The electric vehicle is still a fresh enough concept that the issue of redirecting the bill when filling up at a public outlet or a friend's house is of little concern.
But once EVs gain more traction and the cost of electricity during that monthly dinner party starts to run upwards of 50 bucks, you'll definitely take notice. ELVIIS, a research collaboration between Ericsson and the Viktoria Institute in Sweden, may be the solution. Instead of pulling power from the grid blindly and billing the outlet's owner, the system provides driver and vehicle information to a server before charging begins, then redirects the cost for power consumed to whatever account you've registered with the vehicle, alleviating any concern about unexpected electricity bills. ELVIIS can theoretically serve other purposes, allowing you to select the least-expensive energy source, for example, or set the car to wait to charge until late-night, when rates are lower.

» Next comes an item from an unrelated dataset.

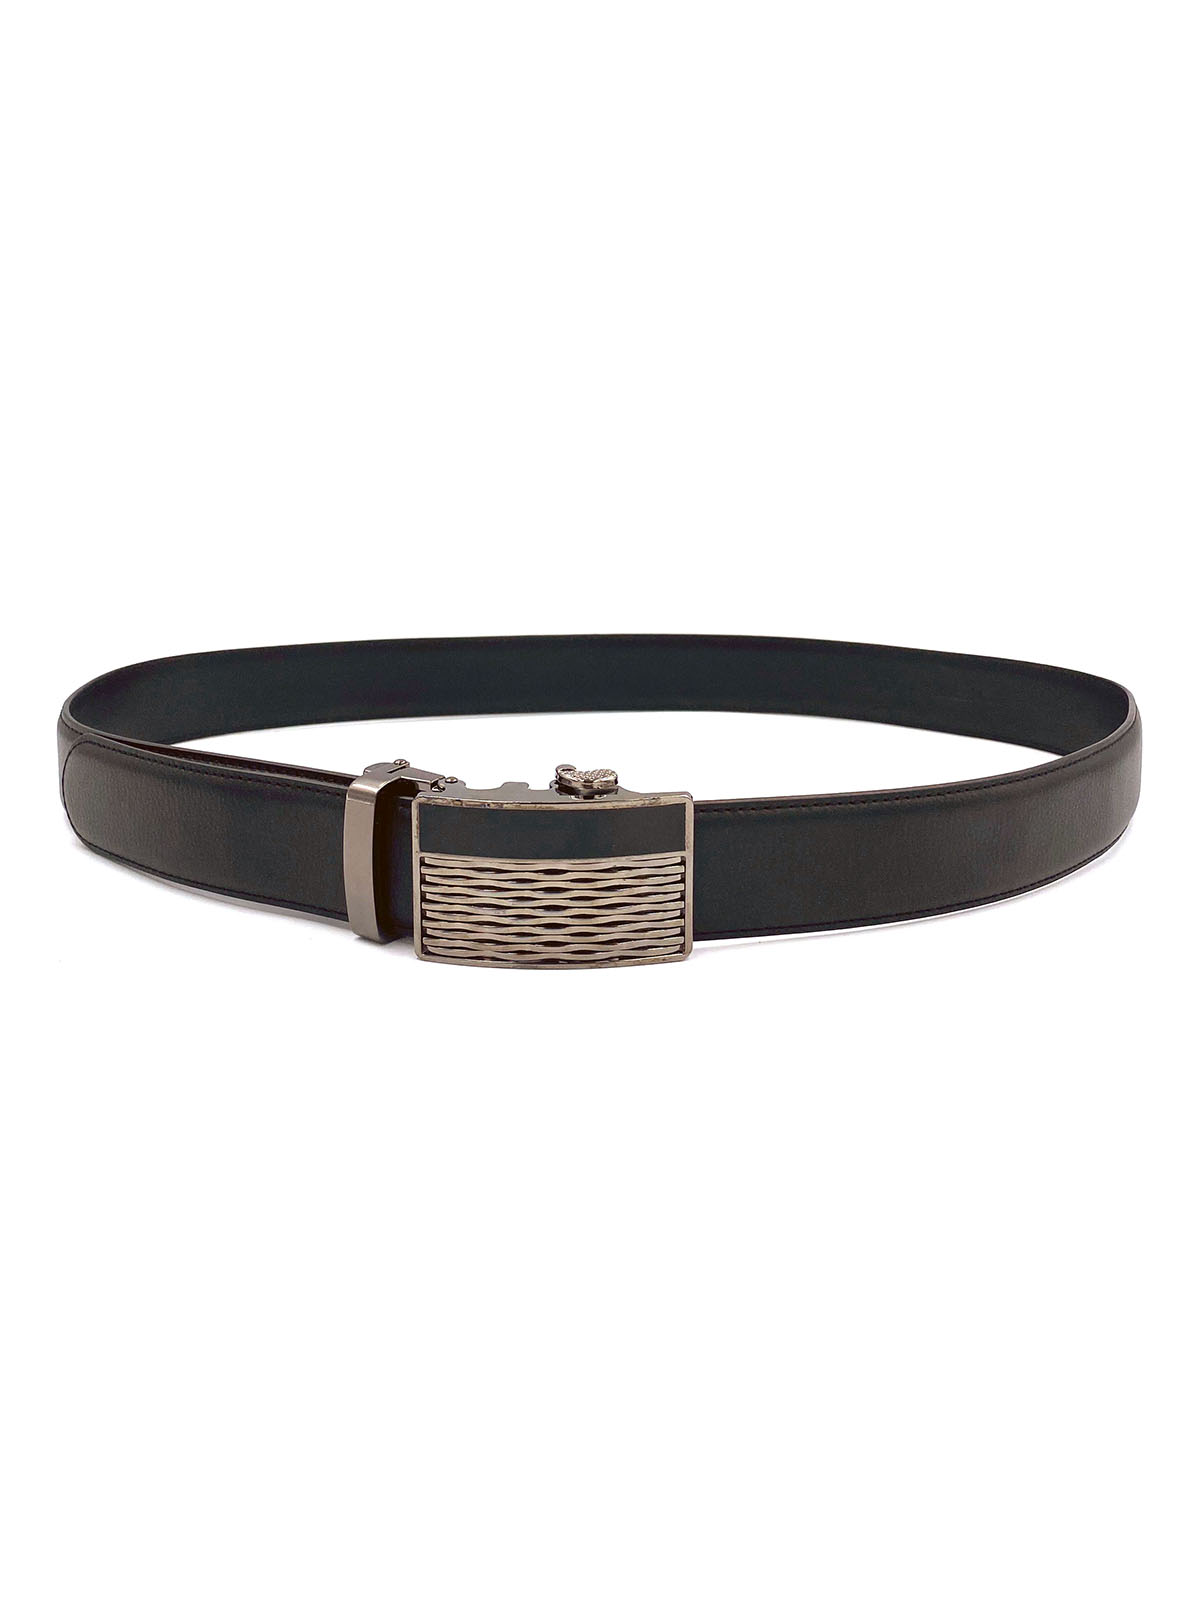 Black smooth leather belt - 10424 - € 21.37 img2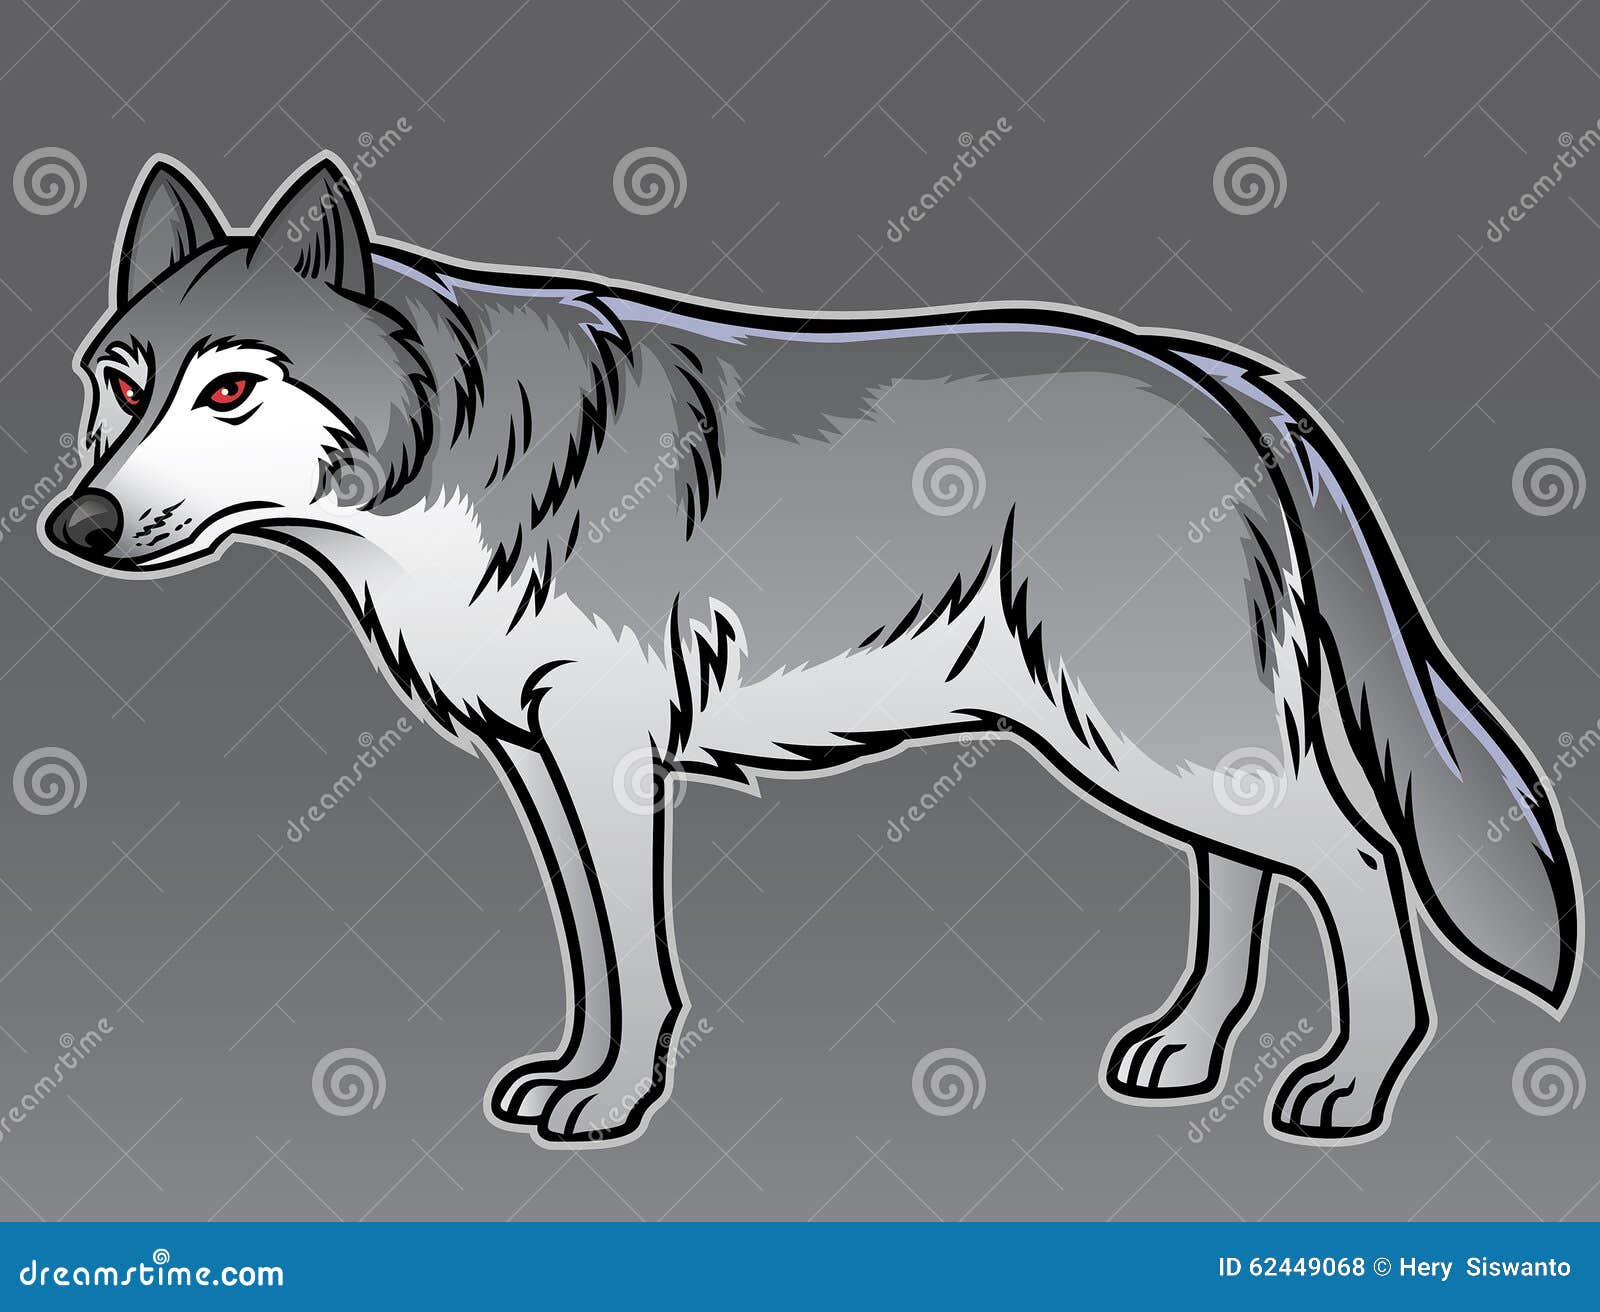 Wolf Bite The Piston Vector Illustration | CartoonDealer.com #56922896

We jumped into the passenger seat of one of five existing ELVIIS cars -- built around an all-electric Volvo C30 -- and poked around the charging interface. The project isn't fully operational just yet, and was running in demo mode so there's no way to verify that it works as described, but it definitely appears to be solid, with Ericsson providing financial and development support. Eventually, it will use the car's GPS to identify nearby power outlets -- for now, you need to enter a specific outlet ID. There's also an Android app that allows you to monitor and reschedule charging, so if you programmed your car to be completely charged by 7AM but realized that you need to leave at 6, you can make sure you're covered without getting out of bed.